DVF: Advancing Robust and Accurate Fine-Grained Image Retrieval with Retrieval Guidelines

Published: 20 Jul 2024, Last Modified: 21 Jul 2024MM2024 PosterEveryoneRevisionsBibTeXCC BY 4.0
Abstract: Fine-grained image retrieval (FGIR) aims to learn to generate visual representations that distinguish visually similar objects while maintaining generalization. Existing methods propose various techniques to generate discriminative features, but rarely consider the particularity of the FGIR task itself. This paper presents a meticulous analysis leading to the proposal of practical guidelines to identify subcategory-specific discrepancies and generate discriminative features to design high-performance FGIR models. These guidelines include emphasizing the object (G1), highlighting subcategory-specific discrepancies (G2), and employing effective training strategy (G3). Following G1 and G2, we design a novel Dual Visual Filtering mechanism for the plain visual transformer, denoted as DVF, to capture subcategory-specific discrepancies. Specifically, the dual visual filtering mechanism comprises an object-oriented module and a semantic-oriented module.
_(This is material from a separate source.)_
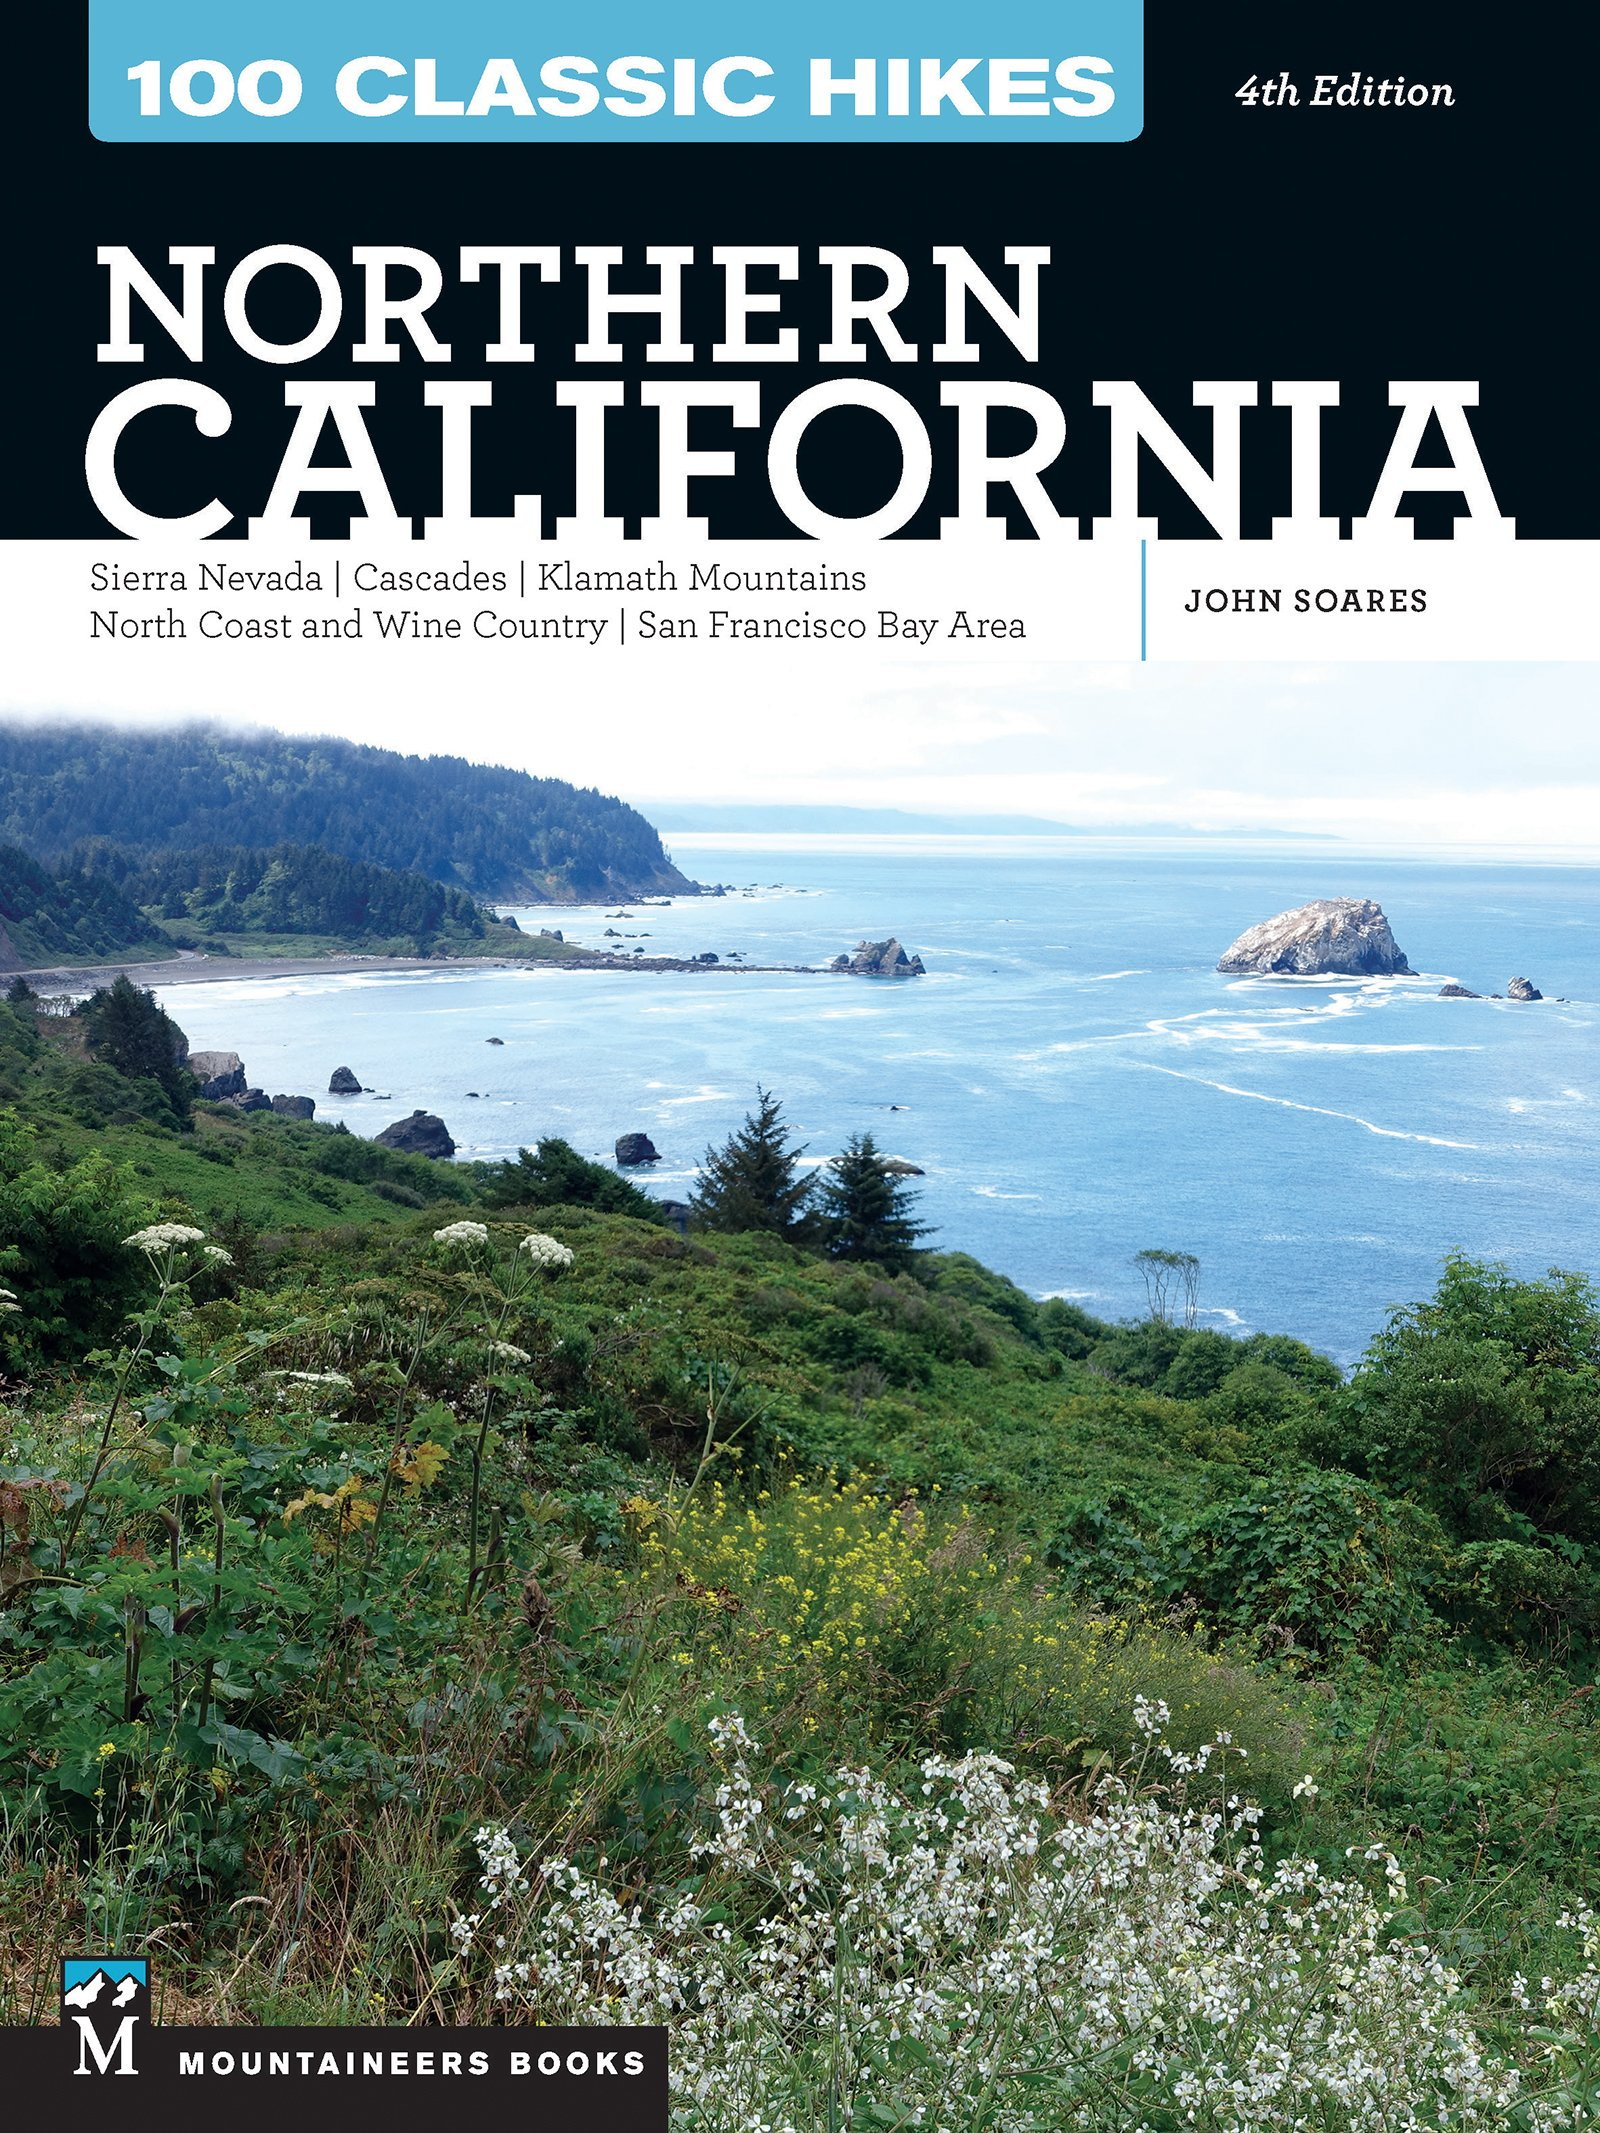 100 Classic Hikes: Northern California: Sierra Nevada, Cascades, Klamath Mountains, North Coast and Wine Country, San Francisco Bay Area

These components serve to magnify objects and identify discriminative regions, respectively. Following G3, we implement a discriminative model training strategy to improve the discriminability and generalization ability of DVF. Extensive analysis and ablation studies confirm the efficacy of our proposed guidelines. Without bells and whistles, our DVF achieves state-of-the-art performance on three widely-used fine-grained datasets in closed-set and open-set settings.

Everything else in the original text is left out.